Jun 9 at 5:02 PM7 min read

Thor Schaeff of Google DeepMind presenting on Gemini's audio stack — Thor Schaeff from Google DeepMind presenting on the Gemini audio stack.· AI Engineer

Visual TL;DR. Gemini Audio Stack enables Advanced Transcription. Advanced Transcription supports Multimodal Interactions. Gemini Audio Stack integrates Lyria 3. Lyria 3 powers Music Generation. Gemini Audio Stack measured by Performance Benchmarking. Music Generation leads to Future of AI Audio. Multimodal Interactions shapes Future of AI Audio.

Gemini Audio Stack: Google DeepMind's Thor Schaeff explores audio capabilities
Advanced Transcription: high accuracy speech, emotion, language variations, multiple speakers
Multimodal Interactions: seamless handling of diverse languages, dialects, and accents
Lyria 3: AI-generated music with advanced capabilities
Music Generation: creating original music with AI
Performance Benchmarking: evaluating Gemini's audio processing power
Future of AI Audio: pushing boundaries in sound processing and creation

Visual TL;DRQuickExplainDeeper

Thor Schaeff, a Developer Relations Engineer at Google DeepMind, recently provided an in-depth look at Gemini's audio stack, showcasing the evolving capabilities of AI in handling and generating sound.
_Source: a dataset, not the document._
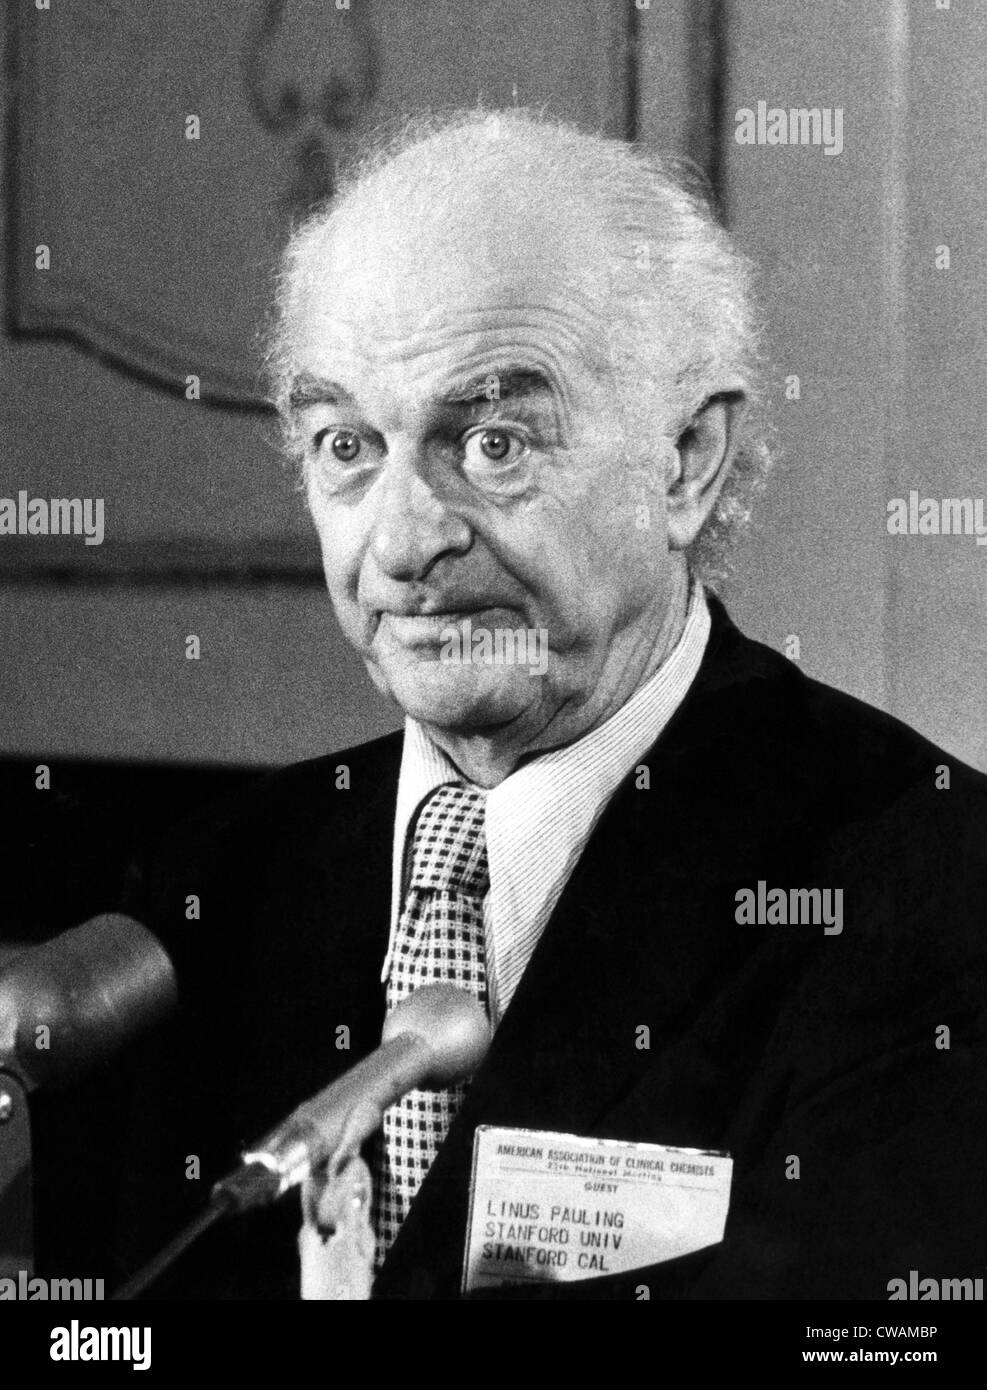 Chemist and Nobel Prize winner Linus Pauling, (1901-1944), at a meeting with the American Association of Clinical Chemists, New Stock Photo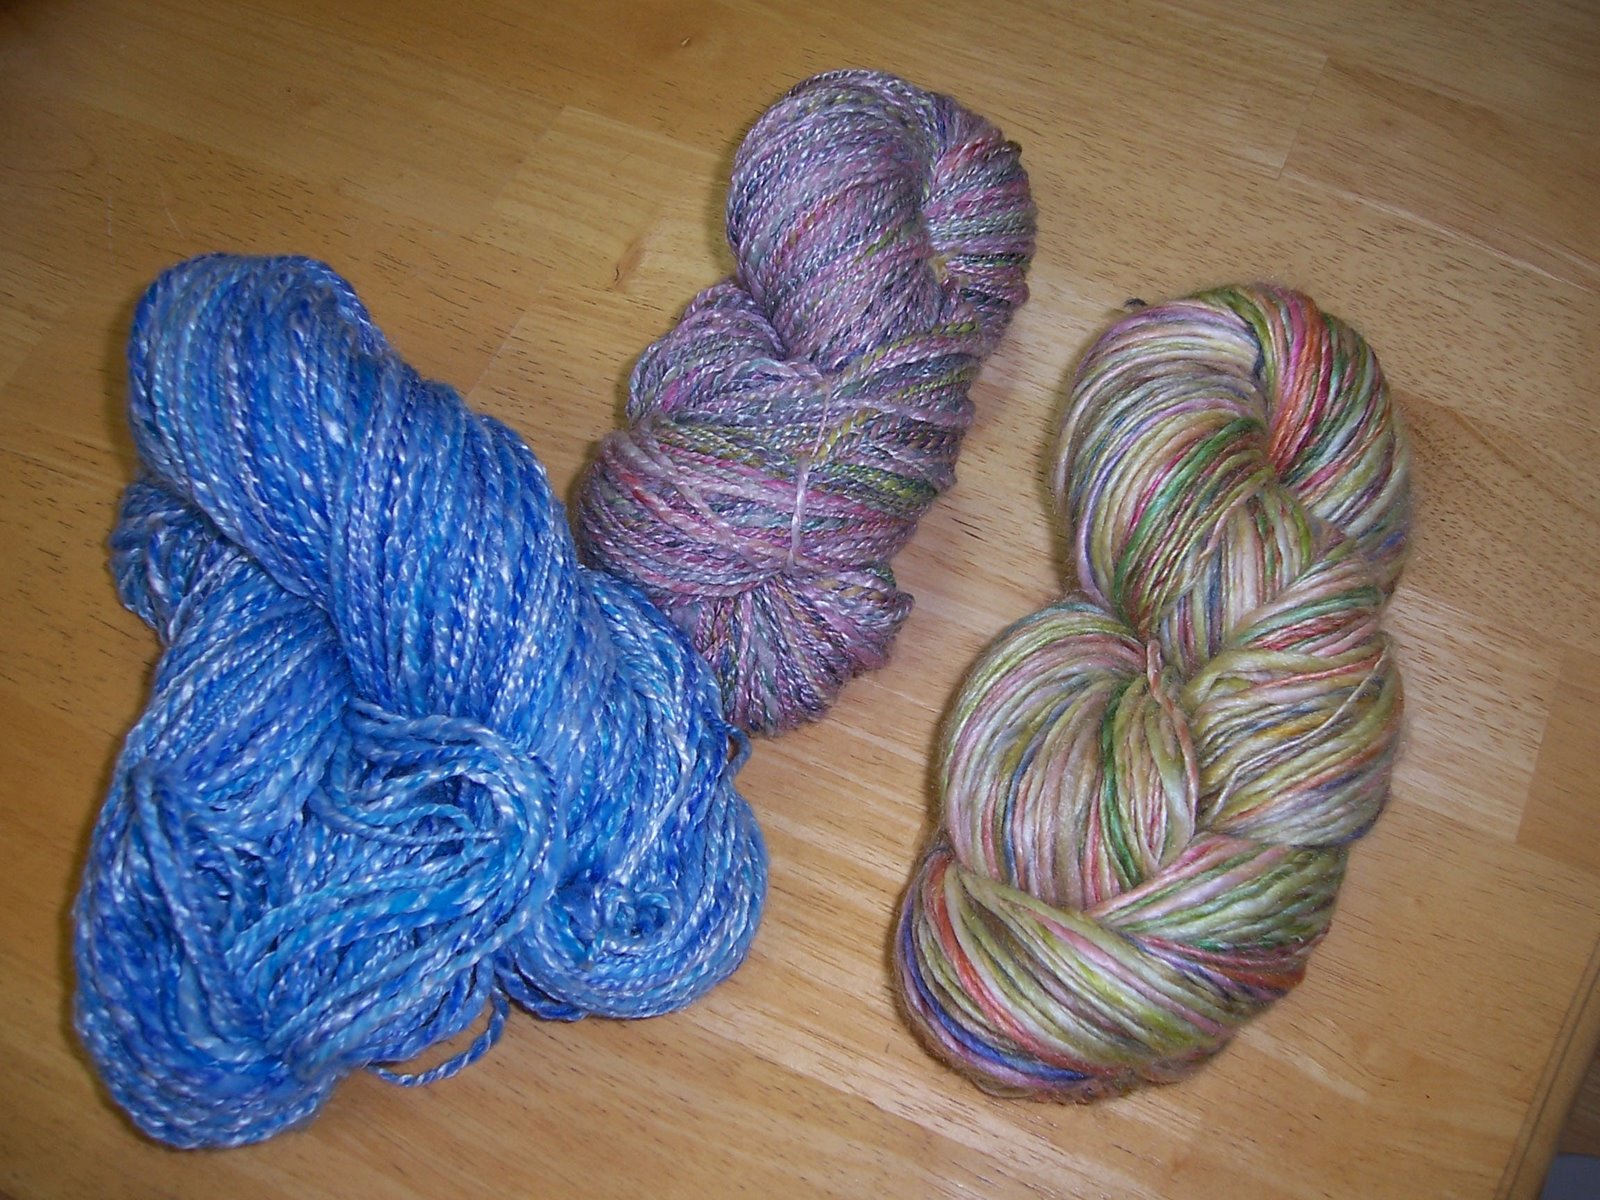 [Lisa's+yarn+from+Creatively+Dyed.jpg]

The presentation, titled "From Transcription to Live Music: Gemini's Audio Stack," offered a comprehensive overview of how Google DeepMind is pushing the boundaries in AI audio processing.

Gemini's Audio Stack: From Transcription to Music Generation - AI Engineer — Gemini's Audio Stack: From Transcription to Music Generation — from AI Engineer

Understanding Gemini's Audio Capabilities

Schaeff began by highlighting Gemini's core strengths in audio processing, emphasizing its ability to not only transcribe speech with high accuracy but also to understand nuances like emotion, language variations, and even multiple speakers in a conversation. The Gemini API is designed to process a broad spectrum of audio inputs, aiming for seamless handling of diverse languages, dialects, and accents. This sophisticated understanding extends to identifying and labeling emotions within speech, adding a layer of depth to the AI's comprehension.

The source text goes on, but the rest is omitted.